Cisco doing secure SNMP

Version 3 of the Simple Network Management Protocol (SNMP) is developed with as main purpose securing the insecure SNMP protocol. Since I needed to setup SNMP for a monitoring tool I decided to do it the secure way, which is SNMP v3. This article will describe how to configure SNMPv3 on a Cisco device using Cisco IOS, in my case a broadband router.

The first task is to login at the console as a privileged user and switch to configuration mode.

router#conf t Enter configuration commands, one per line. End with CNTL/Z. router(config)#

The next task is to define a view. To keep it simple, we’ll create a view that allows access to the entire internet subtree:

snmp-server view readview internet included

Next, create a group that uses the just created view. This command creates a group called readonly and v3 means that SNMPv3 should be used. The auth keyword specifies that the entity should authenticate packets without encrypting them. The read readview says that the view named readview should be used whenever members of the readonly group access the router.

snmp-server group readonly v3 auth read readview

The following command creates a user called snmpro, who belongs to the readonly group. auth md5 specifies that the router should use MD5 to authenticate the user (sha is also possible). The next item is the user’s password or passphrase, which is limited to 64 characters. The last item priv des56 specifies the encryption of the SNMP packets.

snmp-server user snmpro readonly v3 auth md5 password priv des56 passphrase

This configuration uses encryption to prevent passwords from being transferred in clear text and also encrypts the SNMP packets themselves, which may contain information that you don’t want available to the public.

End config mode with CNTL/Z or simple type ‘end’. And issue ‘write mem’ to save the current configuration to non-volatile memory to make this change permanent.

router(config)#end router#write mem Building configuration... [OK] router#

To verify if it’s working you can use snmpwalk.

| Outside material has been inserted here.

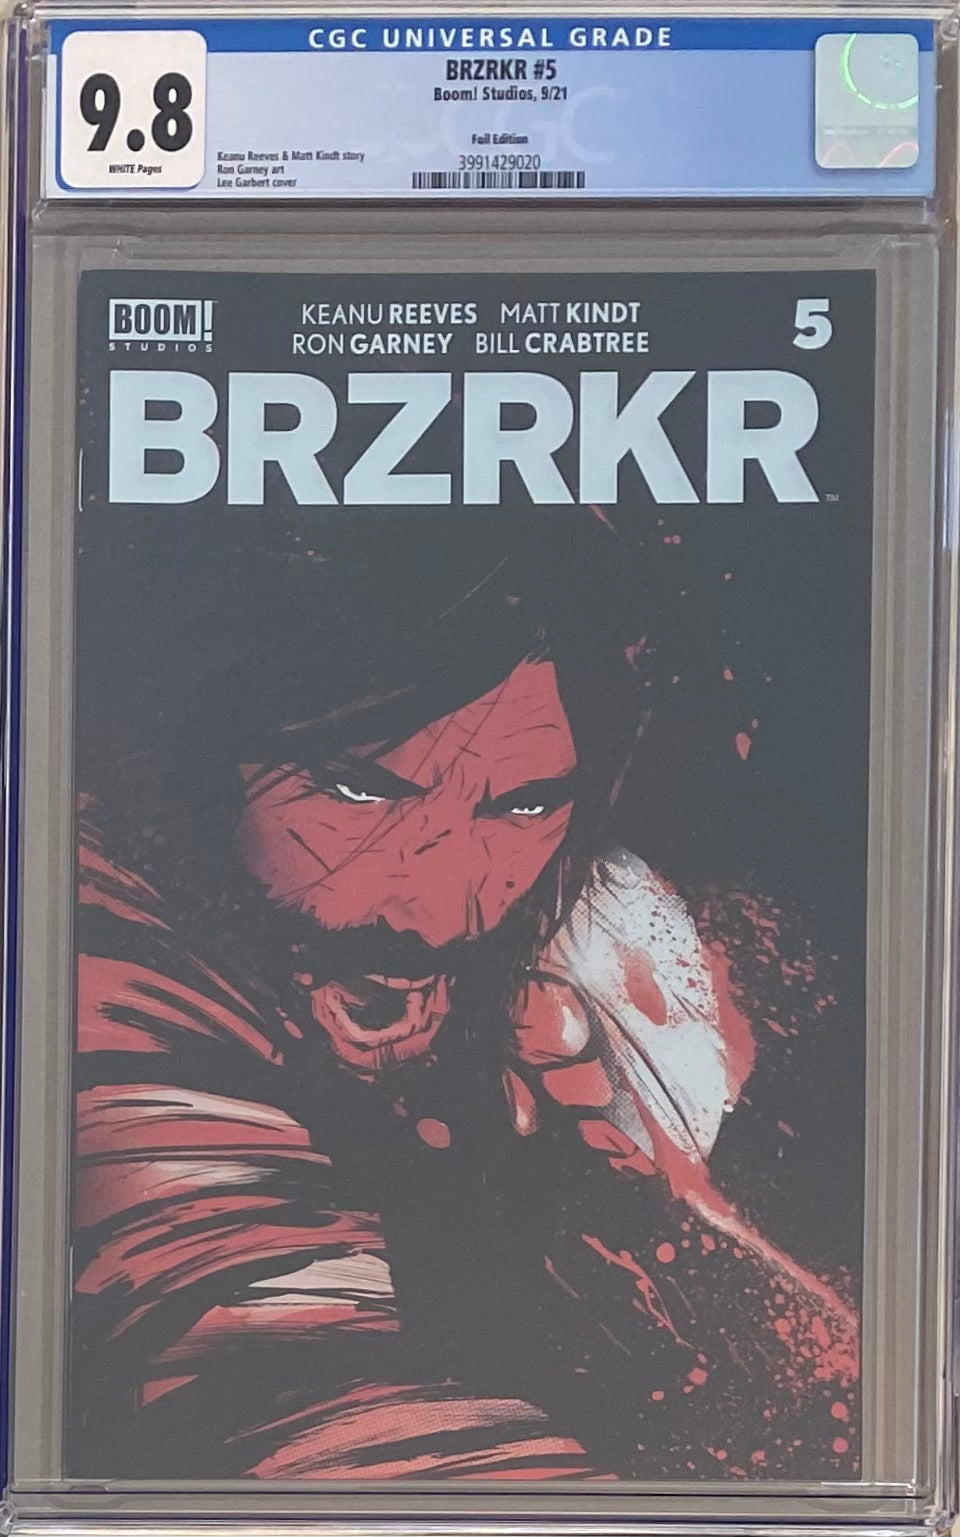 BRZRKR #5 Cover C Garbett Foil Variant CGC 9.8 (Berzerker)

In the example below I use a Linux system to execute the snmpwalk command to request the system description (sysDescr.0) from a host called router.

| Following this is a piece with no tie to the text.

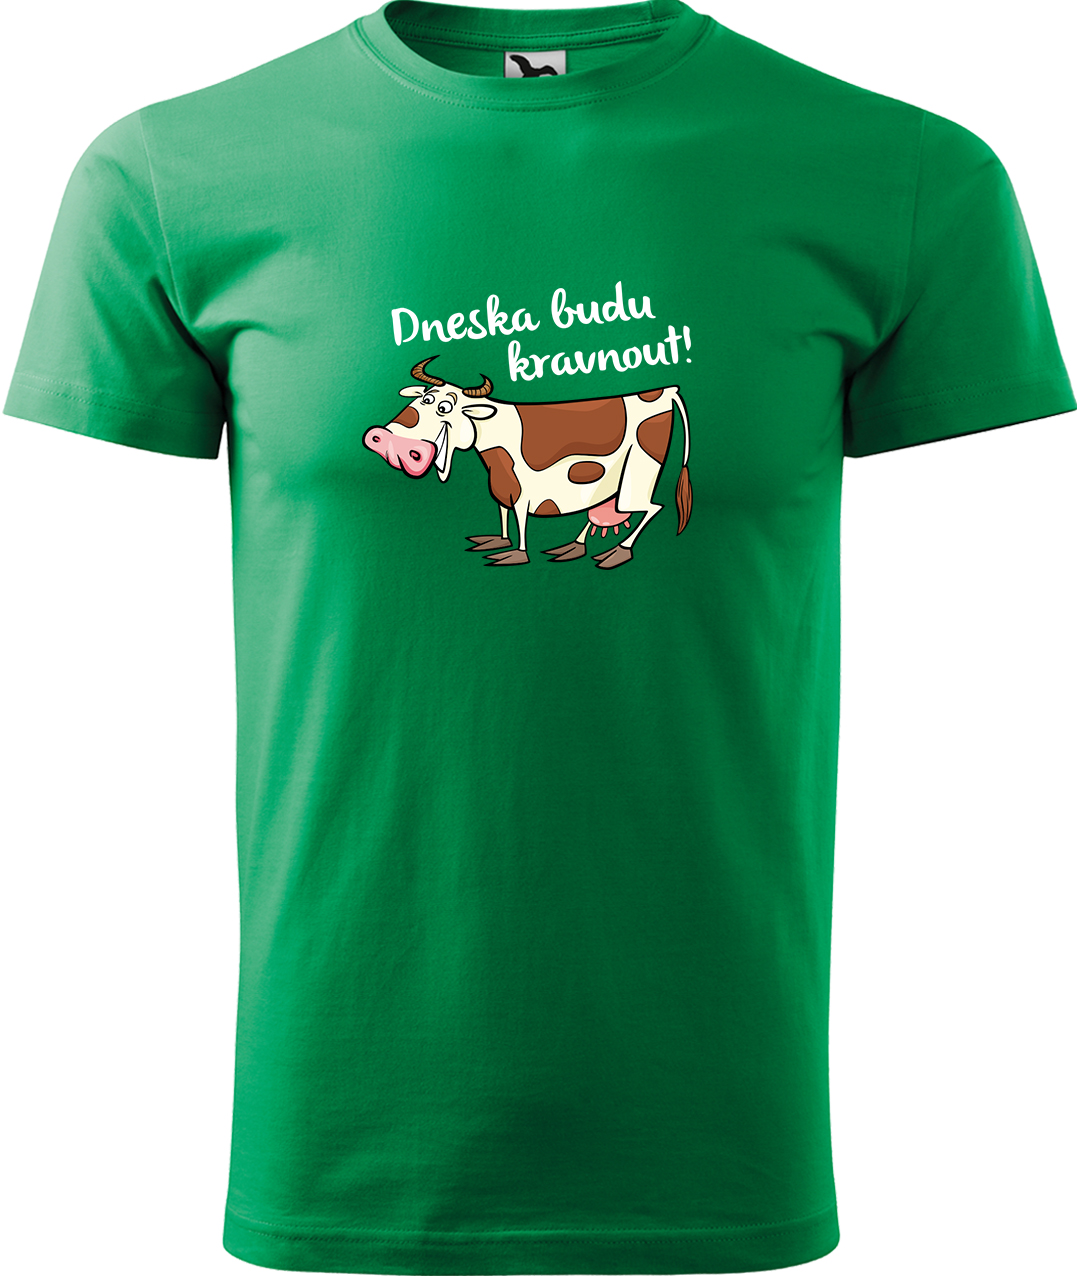 Pánské tričko s krávou - Dneska budu kravnout! Velikost: XL, Barva: Středně zelená (16), Střih: pánský

$ snmpwalk -v 3 -u snmpro -l authPriv -a MD5 -A password -x DES -X passphrase \ router sysDescr.0 SNMPv2-MIB::sysDescr.0 = STRING: Cisco IOS Software, C870 Software (C870-ADVSECURITYK9-M), Version 12.4(15)T5, RELEASE SOFTWARE (fc4) Technical Support: http://www.cisco.com/techsupport Copyright (c) 1986-2008 by Cisco Systems, Inc. Compiled Thu 01-May-08 02:31 by prod_rel_team $

As you can see the system description is returned successfully.